The Cubs expect to see a similar increase in ticket sales after tomorrow’s announcement that there will be free pastries provided from 8:00 a.m. until 10:00 a.m. each morning of the convention.
CHICAGO–The Cubs are allegedly close to landing free agent outfielder Cliff Floyd. Cubs G.M. Jim Hendry has had his eye on Floyd since 1991, when Floyd played at Thornwood High School in the Chicago suburbs.
Jim had been invited to Thornwood’s spring “turnabout” dance by a girl he hung out with “just as friends.” Cliff was a big baseball star at Thornwood. Popular. Strong. Handsome. Well-liked.
They met at the refreshments table. Cliff was picking up juice for his date.

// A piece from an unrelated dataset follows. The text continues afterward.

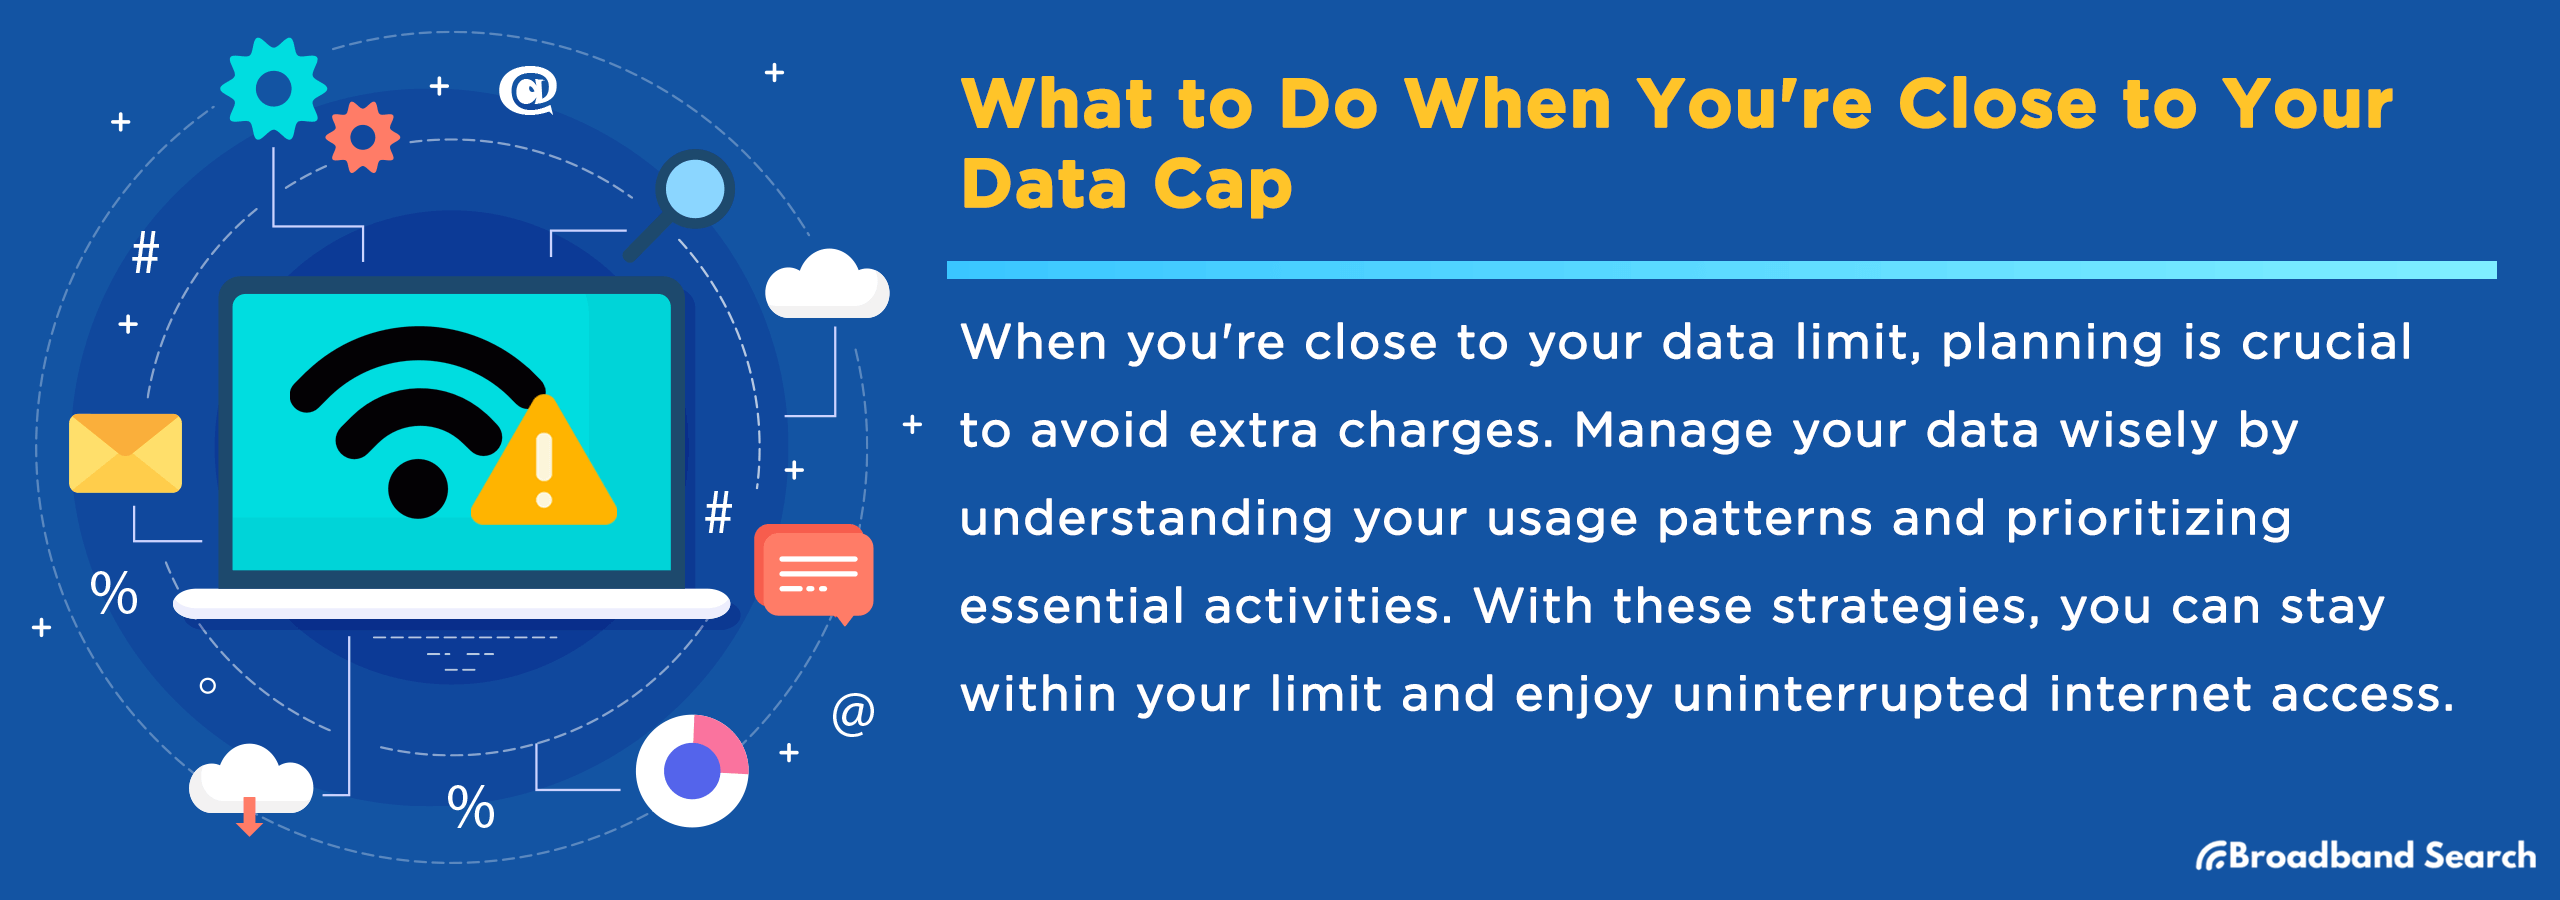 What to Do When You're Close to Your Data Cap

Jim was polishing off his second plate of brownies. Sparks flew, primarily because Jim wore braces at the time and was generating a lot of static electricity. They danced, laughed, and stayed up all night chatting at an IHOP at Jim’s request.
They hung out a lot during their senior year. Cliff gave Jim his class ring. Jim gave Cliff an onion ring. Then, graduation came.
Jim asked Cliff to follow him to Creighton, where Jim had been coaching the baseball team. “It’ll be great!” Jim said. “You can play on the team, and we can spend all kinds of time together!”
But Cliff had met a different G.M. A better G.M. A foreigner from Montreal who offered Cliff money and fame. And so, he packed his bags and headed north. Jim was devastated.
Jim didn’t really think much about Cliff until he saw him again in 2004. At the time, Cliff was in New York, still playing baseball. Still handsome. Still perfect.
Jim was with Sammy at the time. He knew things were going badly with him and Sammy. He knew it was going to end soon. Jim desperately wanted Cliff back in his life. He even tried to use Sammy as leverage to be together with Cliff again, but to no avail. Cliff stayed in New York.
Jim kicked around the next couple of years and tried to forget about Cliff. He ran around with Jeromy and Jacque for a while, but no one could offer him what Cliff had.
Just a few weeks ago, a friend called Jim to tell him the news. “Did you hear?” Omar Minaya said. “I dumped Cliff. He really misses you.” Jim’s heart pounded as he put the phone back in its cradle. Then, he picked the phone back up and started to dial. Those old, familiar numbers.
Then, a brief click. “Jim?” said the voice at the other end. “Is that you?”
“It’s me,” Jim said.
A pause. “I’m ready to come home. If you’ll have me,” said the voice at the other end.
“You never left home, Cliff,” said Jim. “You never left home.”